In the 1910 court case, justices ruled that “the tribe has disintegrated and been absorbed into the mass of citizens. . . .” It ignored precedent set in 1848 by the United States Supreme Court that established “the primary criteria for Indian identity” as having “some genealogical connection with a recognized group that had existed before the arrival of the European white explorers, traders, and settlers.”
“Instead of rejecting the noxious rationale of Benson,” Mr. Thiele said in a statement, Governor Hochul’s veto “reaffirmed it. I am ashamed of our state government. However, it only serves as motivation for me to rededicate my efforts to ensure the Montauketts receive the justice they so much deserve.”
Ms. Brewster-walker said she has appealed to the State Legislature to override the governor’s veto, which they would have to do in a special session before Dec. 31. Otherwise, she said, “we start from square one again.” She also said the Montauketts are considering taking the governor to court: “We’re going to fight this.”
East Hampton Town officials have recognized the Montauketts’ history and continued presence here. In September, the Town signaled its support when it invited the Montaukett chief, Robert Pharaoh, to be the grand marshal of the town’s 375th anniversary parade.
The tribe was “the original indigenous inhabitants of the area that in 1648 was incorporated into the Town of East Hampton,” the town said in a statement in September.
Mr. Pharaoh said at the time that he was grateful for the town’s recognition because “every little bit helps” in the process of reinstatement in the eyes of New York State. He could not be reached for comment this week.
“I’m disappointed,” Town Supervisor Peter Van Scoyoc said Tuesday. “The circumstances under which the tribe was deemed essentially extinct was a very unfortunate time in our history.”

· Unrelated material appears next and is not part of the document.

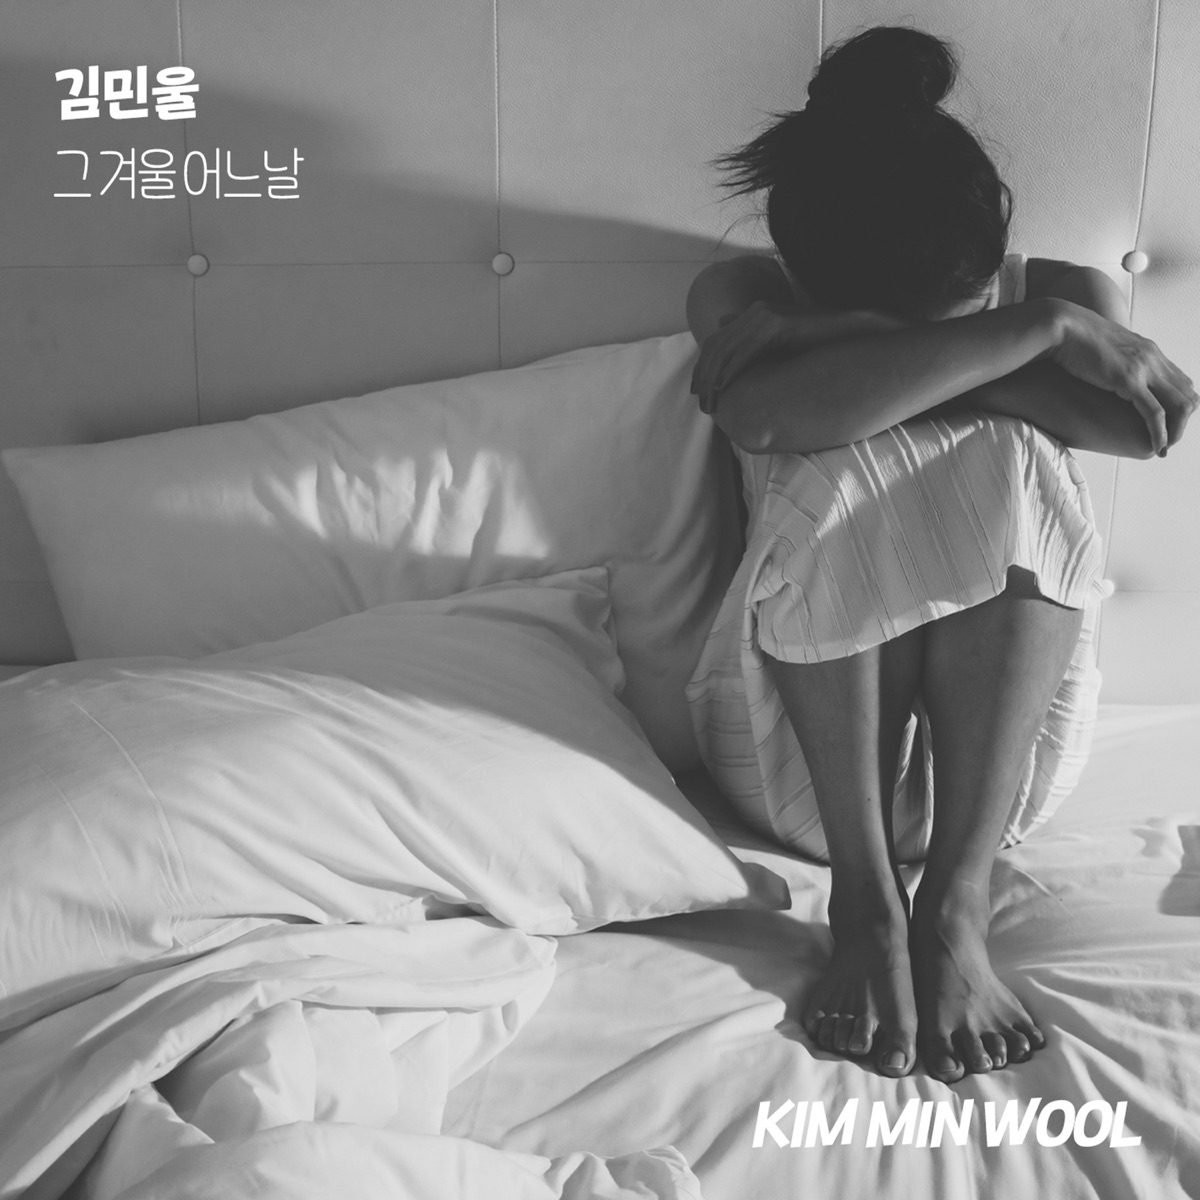 Kim Min Wool – one day in the winter – Single

He pledged to “continue to do what I can to help the Montauketts achieve their goal,” because Pharaoh v. Benson “frankly should have been overturned a while ago.”
In her veto memorandum, Governor Hochul wrote that she has “great respect for” Native American nations and is “committed to continuing” efforts to improve relations with them. However, she said, the Montauketts still have not supplied “the detailed information required by the state recognition process,” and that this lack became the basis for her veto.
“The group was provided with a letter identifying what information it could provide to the state that would allow the state to reach a positive decision on its behalf,” Governor Hochul wrote. “To date, the Montaukett Indian Nation has not provided that required information.”
Ms. Brewster-walker, though, said she has already provided the governor’s office with “volumes of information.”
“I don’t know what more she wants,” Ms. Brewster-walker said. “We exist.”
This story has been updated to correct the number of Indigenous tribes on Long Island with state recognition.